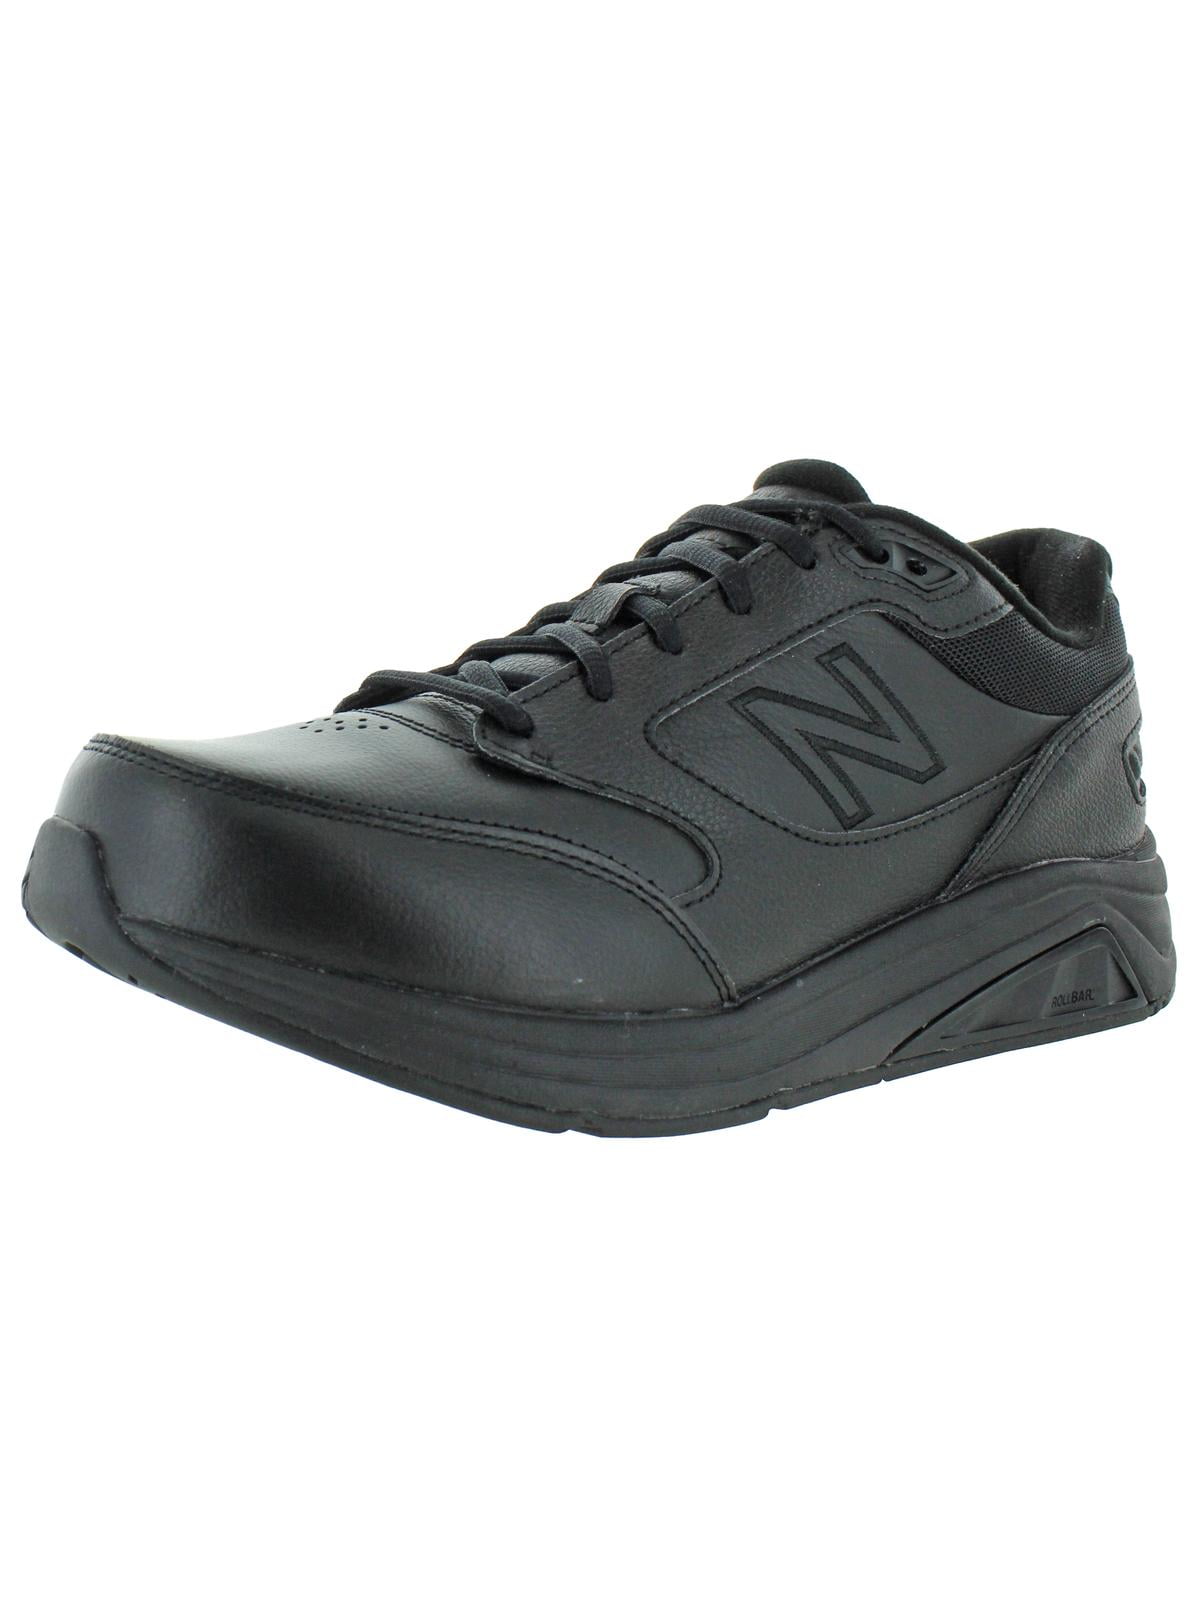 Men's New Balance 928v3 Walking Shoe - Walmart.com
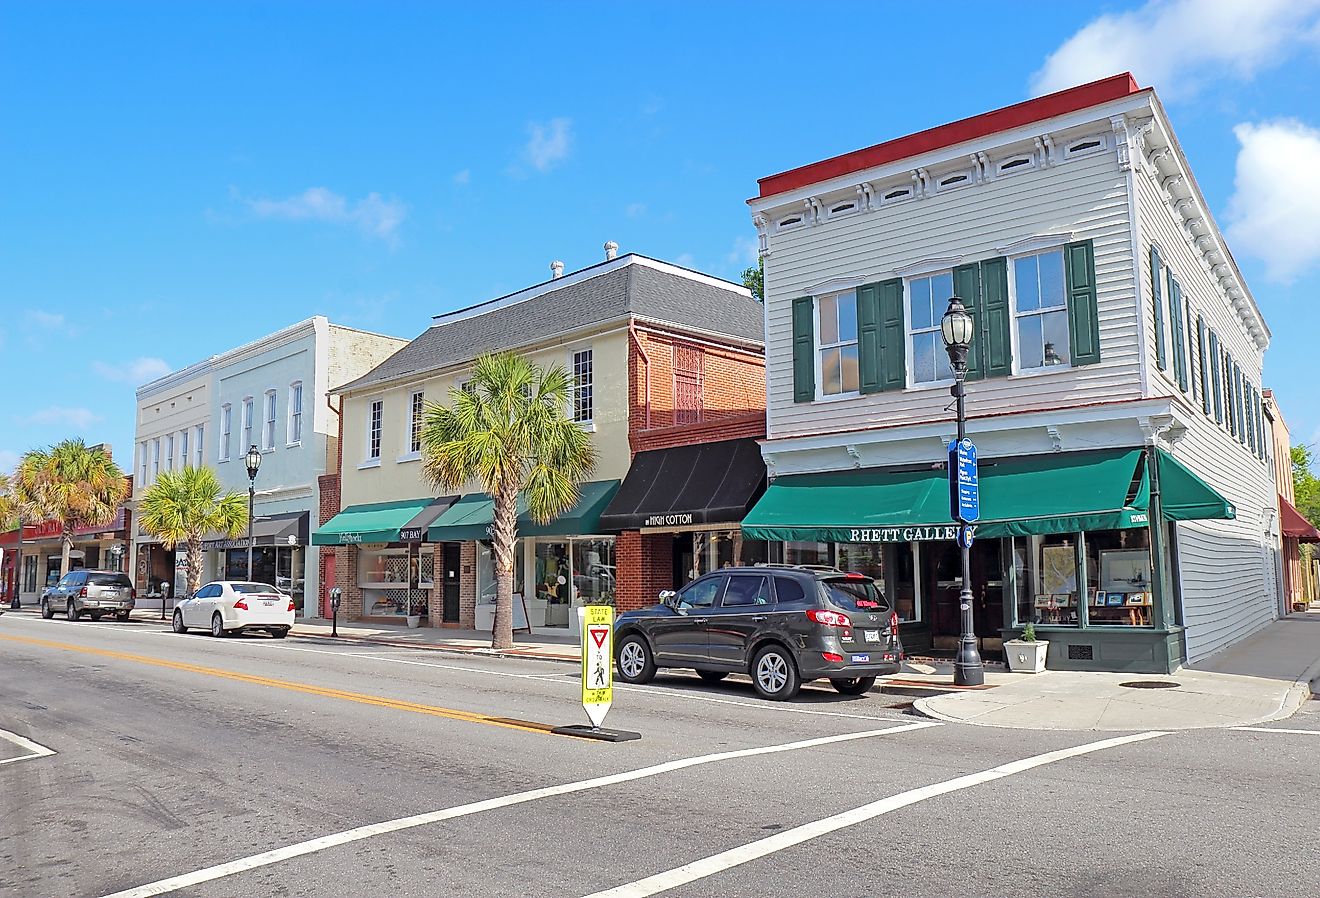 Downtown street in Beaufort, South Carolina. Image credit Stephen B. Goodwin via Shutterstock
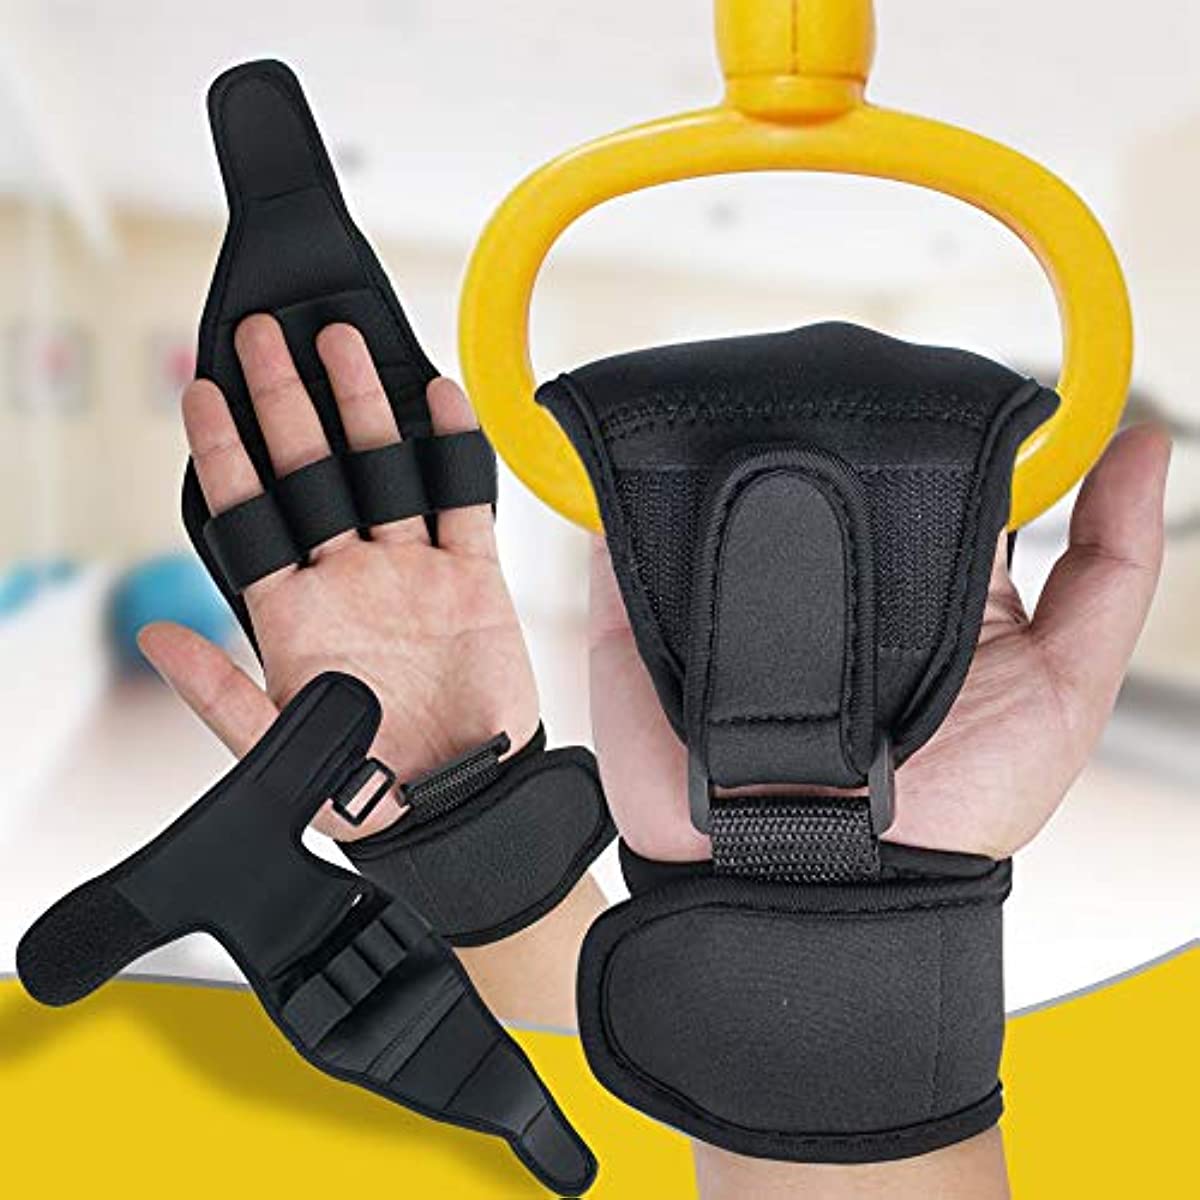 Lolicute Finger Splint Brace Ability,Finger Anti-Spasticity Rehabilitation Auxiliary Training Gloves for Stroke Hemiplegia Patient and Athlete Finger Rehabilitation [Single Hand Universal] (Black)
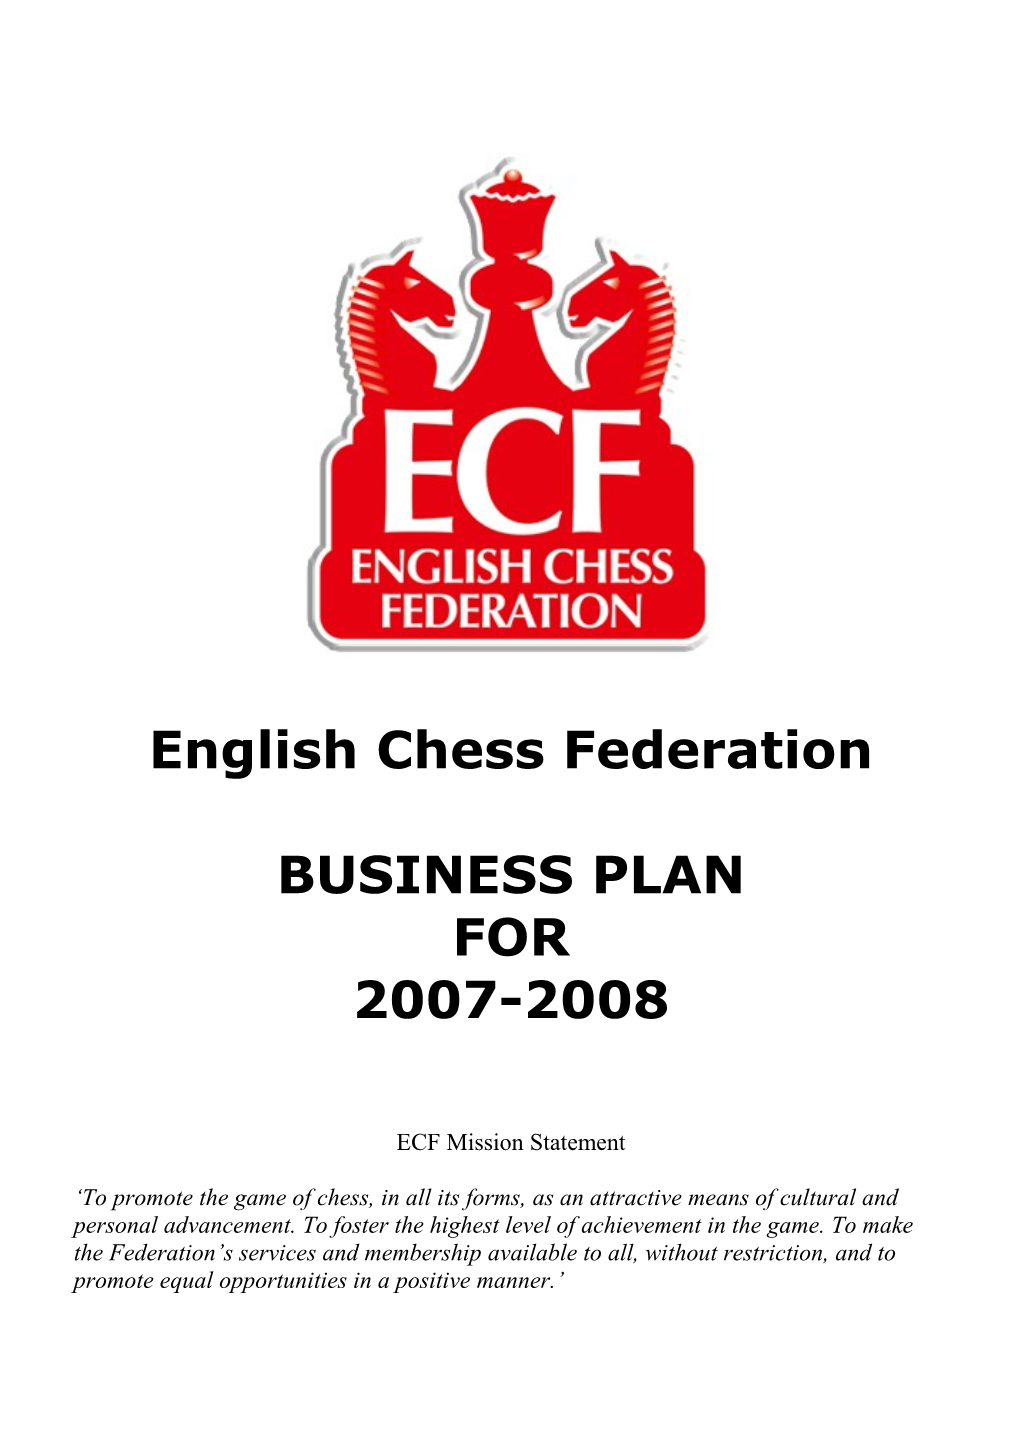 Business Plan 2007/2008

========================================================================

**Your goal**
Your answer must be the lines from the line containing "Lolicute Finger Splint" through the final line of the data, written out exactly, both ends included and pictures left out.

**Exercise answer**
 Lolicute Finger Splint Brace Ability,Finger Anti-Spasticity Rehabilitation Auxiliary Training Gloves for Stroke Hemiplegia Patient and Athlete Finger Rehabilitation [Single Hand Universal] (Black)
 Business Plan 2007/2008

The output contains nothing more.